Follow command works just fine:

Terminal window
wget -nd -nc -np \
-e robots=off \
--recursive -p \
--level=1 \
--accept jpg,jpeg,png,gif \
[example.website.com]

What’s mean all that?

  • -nd, --no-directories: Do not create a hierarchy of directories when retrieving recursively.
  • -nc, --no-clobber: Do not overwrite existing files.
  • -np, --no-parent: Do not ever ascend to the parent directory when retrieving recursively.
  • -e robots=off: execute command robots=off as if it was part of .wgetrc file. This turns off the robot exclusion which means you ignore robots.txt and the robot meta tags (you should know the implications this comes with, take care).
  • -r, --recursive: Turn on recursive retrieving
  • -p, --page-requisites: Download all the files that are necessary.
  • -l depth, --level=depth: Specify recursion maximum depth level.
  • -A, --accept: Accepted file extensions.

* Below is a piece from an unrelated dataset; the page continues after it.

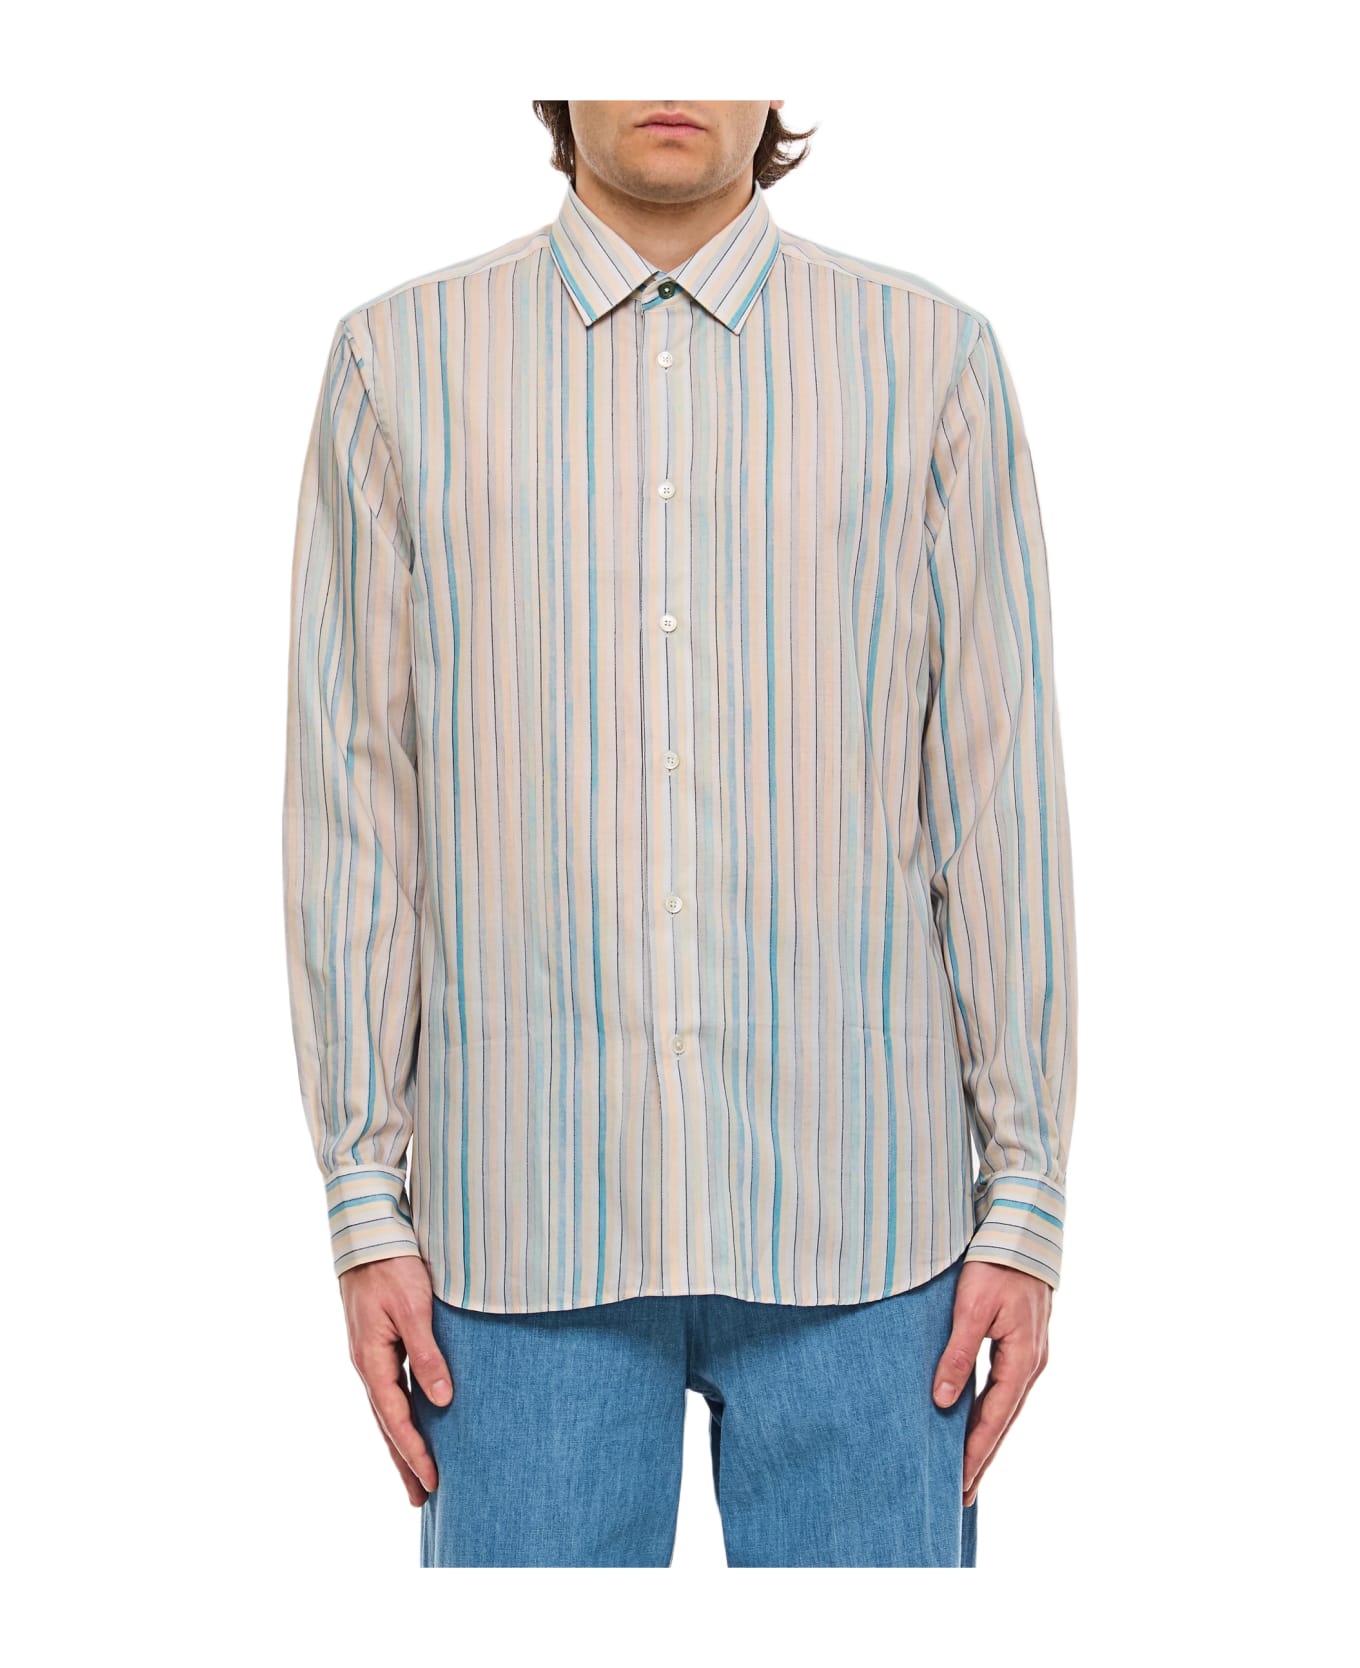 Paul Smith Mens S/c Tailored Fit Shirt - Panna azzurro シャツ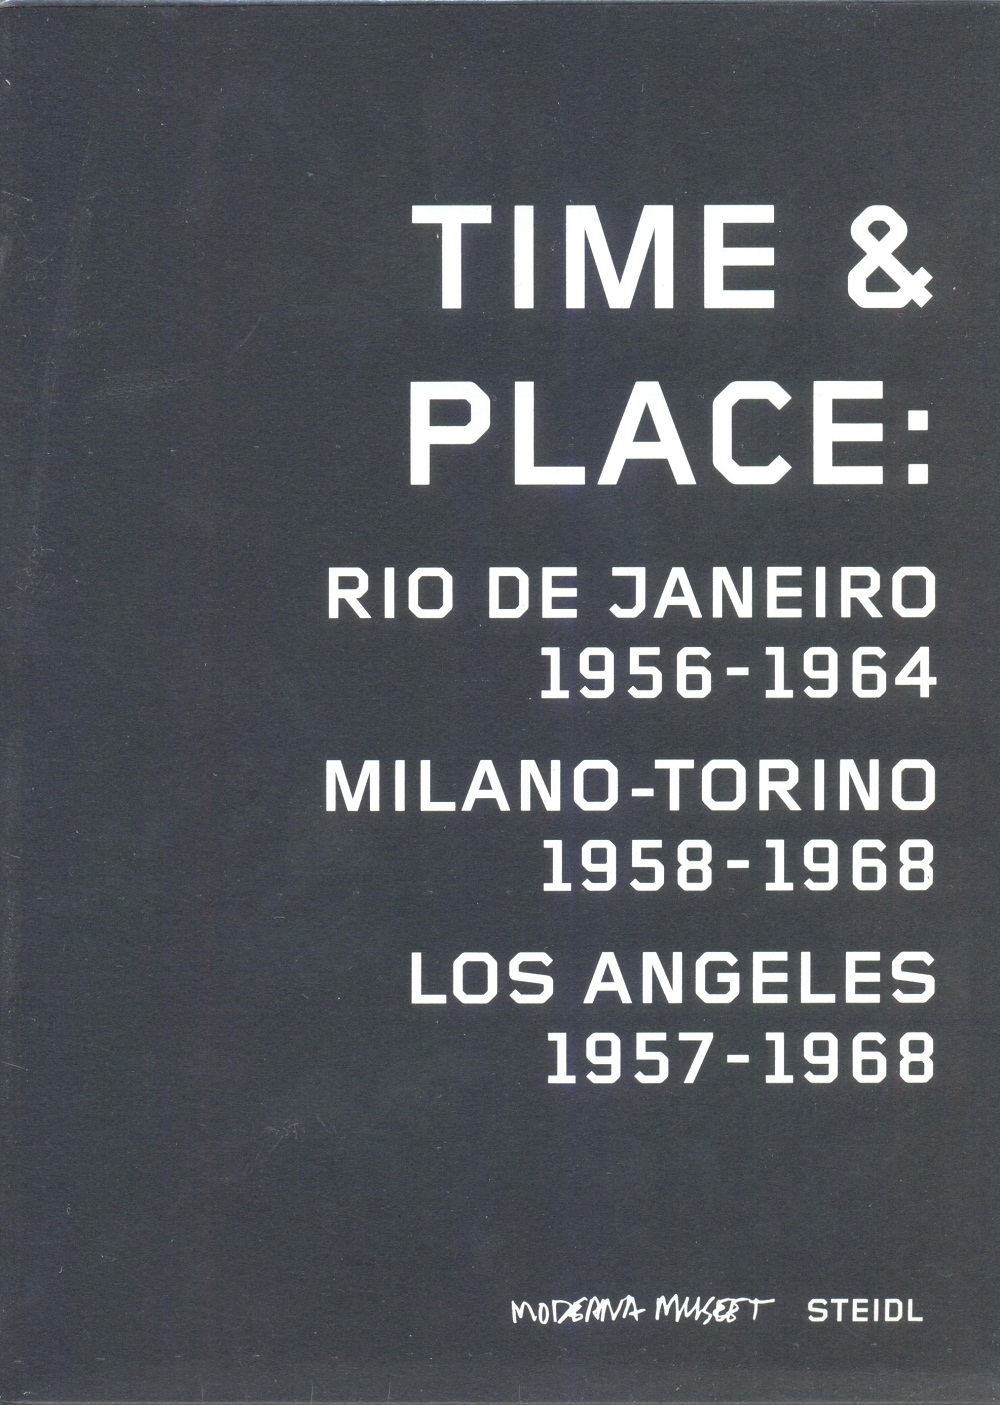 Time & Place: Rio de Janeiro 1956-1964/Milano-Torino 1958-1968/Los Angeles 1957-1968 1956-1964/Milano-Torino

Other useful download options:

  • -H: span hosts (wget doesn’t download files from different domains or subdomains by default)
  • --random-wait: This option causes the time between requests to vary between 0.5 and 1.5
  • --wait 1.0: Wait the specified number of seconds between the retrievals.
  • --limit-rate=amount: Limit the download speed to amount bytes per second
  • -U "Mozilla/5.0 (Windows NT 10.0; Win64; x64) AppleWebKit/537.36 (KHTML, like Gecko) Chrome/74.0.3729.169 Safari/537.36": Identify as agent-string to the HTTP server as Mozilla Firefox from Windows

Read more on wget manual page.

Real world example

Download all Homophones, Weakly images since 2011

Terminal window
wget -nd -nc -np \
-e robots=off \
--recursive -p \
--level=1 \
--accept jpg,jpeg \
-H --random-wait \
-U "Mozilla/5.0 (Windows NT 10.0; Win64; x64) AppleWebKit/537.36 (KHTML, like Gecko) Chrome/74.0.3729.169 Safari/537.36" \
http://homophonesweakly.blogspot.com/{2011..2019}

Download website mirror

Terminal window
wget --mirror \
--convert-links \
--adjust-extension \
--page-requisites \
--no-parent \
--no-check-certificate http://example.com